The TensorFlow container in the NGC container registry (`nvcr.io`) comes pre-configured as defined by the
following parameters. These parameters are used to pre-compile GPUs, enable support for the
Accelerated Linear Algebra (XLA) backend, and disable support for Google Cloud Platform (GCP)
and the Hadoop Distributed File System (HDFS).

### 6.1. Added And Modified Parameters

In addition to the parameters within the Dockerfile that is included in the Google TensorFlow container, the following parameters have either been added for modified with the NVIDIA version of TensorFlow.
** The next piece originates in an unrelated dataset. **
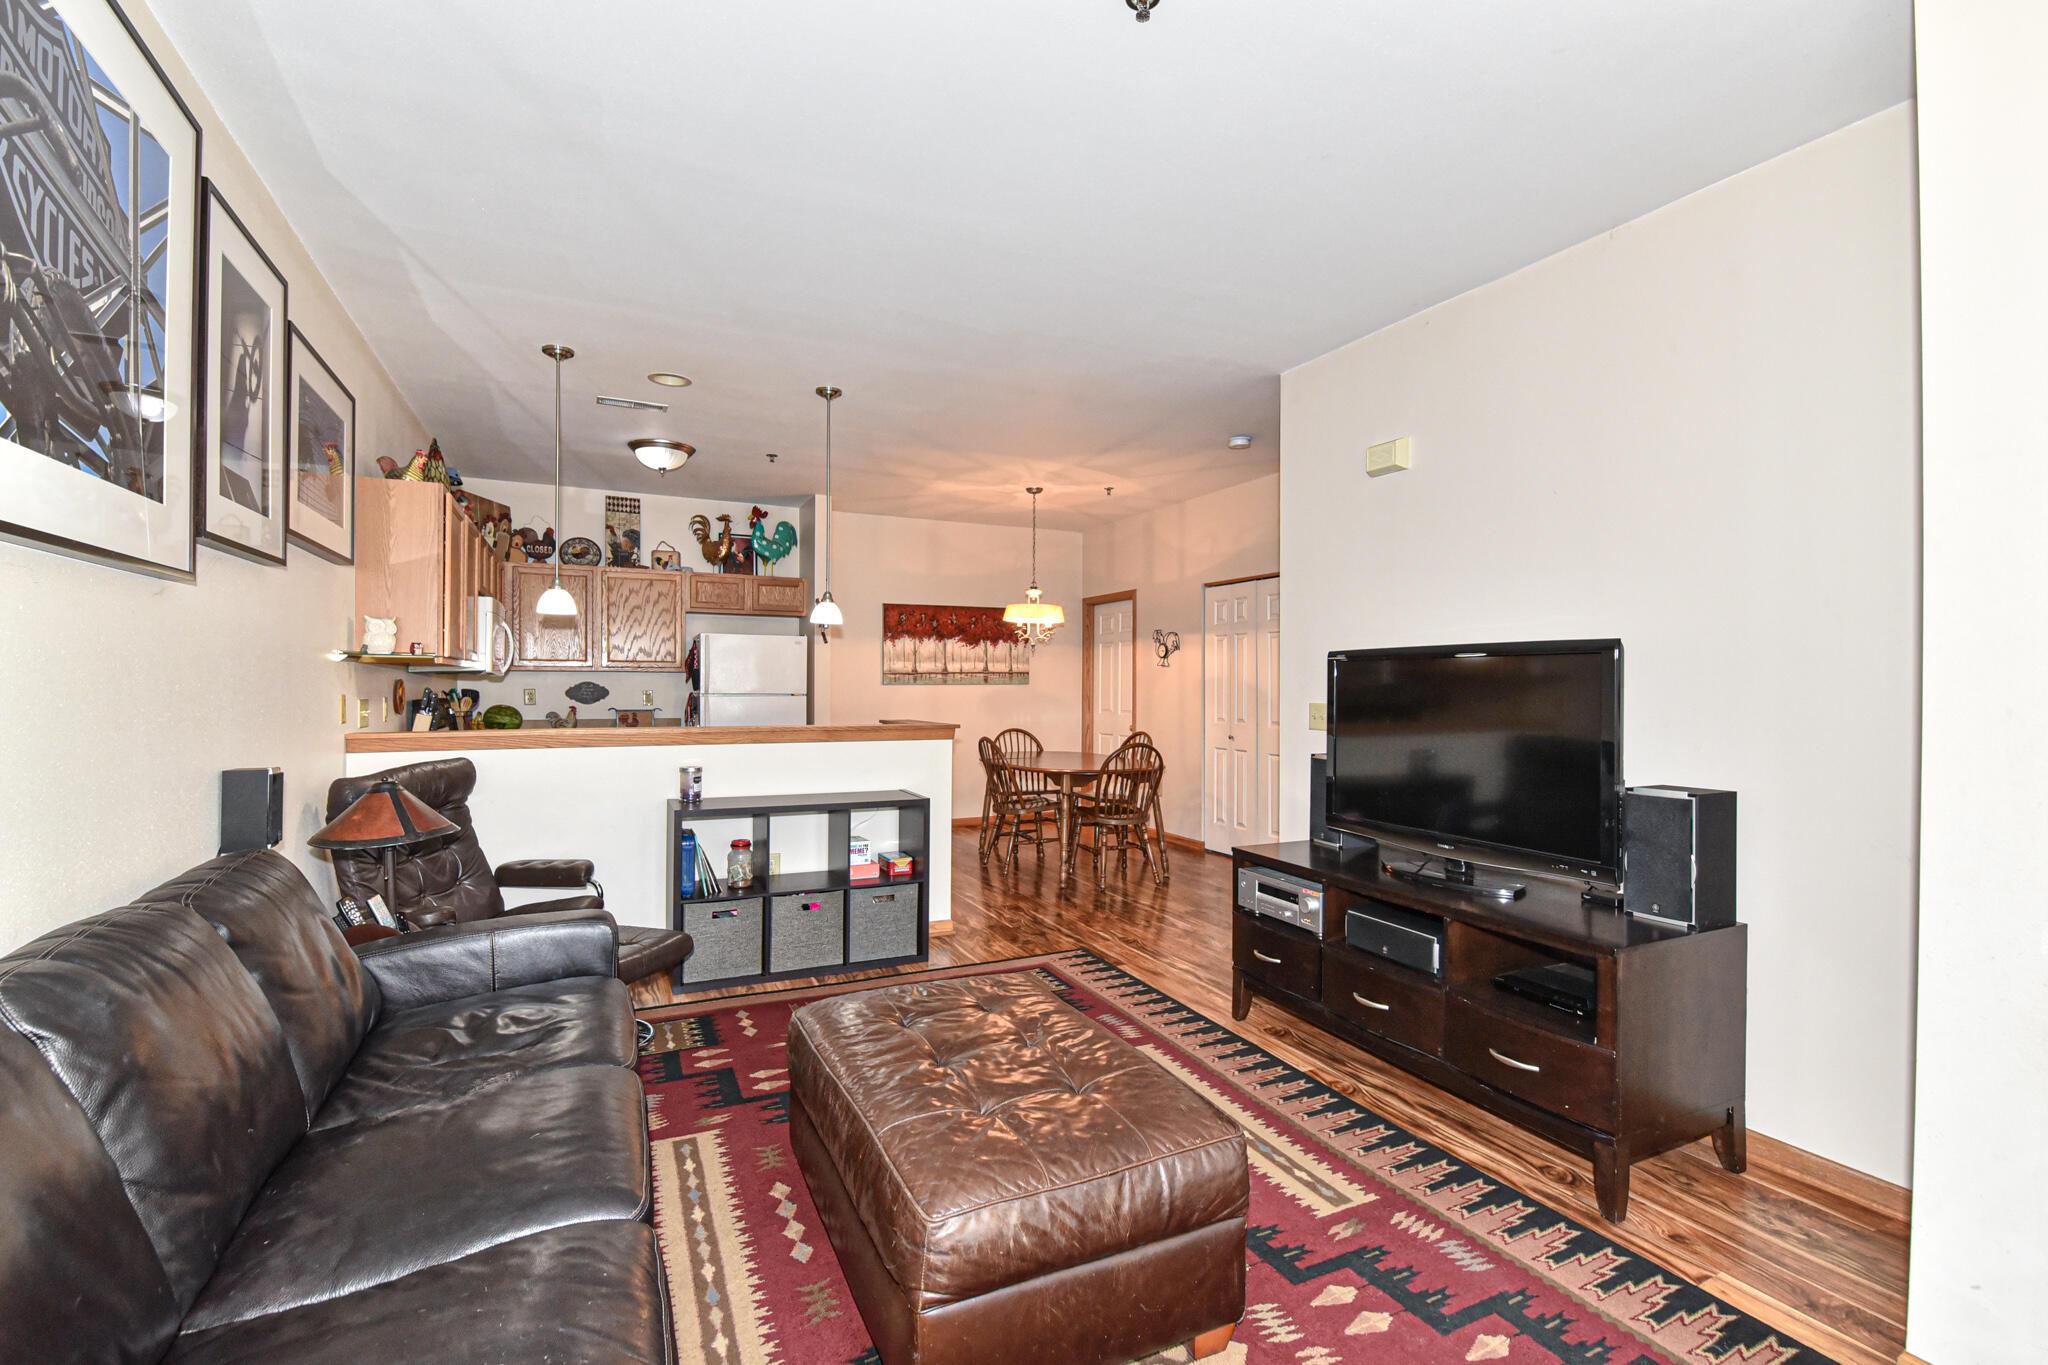 2424 Fox River Pkwy, Waukesha, Wisconsin 53189, 2 Bedrooms Bedrooms, 5 Rooms Rooms,1 BathroomBathrooms,Condominiums,For Sale,Fox River Pkwy,2,1754244

For parameters not mentioned in this guide, see the __TensorFlow
documentation__.

### 6.1.1. TF_CUDA_COMPUTE_CAPABILITIES

The TF_CUDA_COMPUTE_CAPABILITIES parameter enables the code to be pre-compiled for specific GPU architectures.

Where the numbers correspond to GPU architectures:TF_CUDA_COMPUTE_CAPABILITIES "6.0,6.1,7.0,7.5"

- 6.0+6.1
- Pascal
- 7.0
- Volta
- 7.5
- Turing

### 6.1.2. TF_NEED_GCP

The TF_NEED_GCP parameter, as defined, disables support for the Google Cloud Platform (GCP).

TF_NEED_GCP 0

### 6.1.3. TF_NEED_HDFS

The TF_NEED_HDFS parameter, as defined, disables support for the Hadoop Distributed File System (HDFS).

TF_NEED_HDFS 0

### 6.1.4. TF_ENABLE_XLA

The TF_ENABLE_XLA parameter, as defined, enables support for the Accelerated Linear Algebra (XLA) backend.

TF_ENABLE_XLA 1

## 7. TensorFlow Environment Variables

The following environment variable settings enable certain features within TensorFlow. They change and reduce the precision of the computation slightly and are enabled by default.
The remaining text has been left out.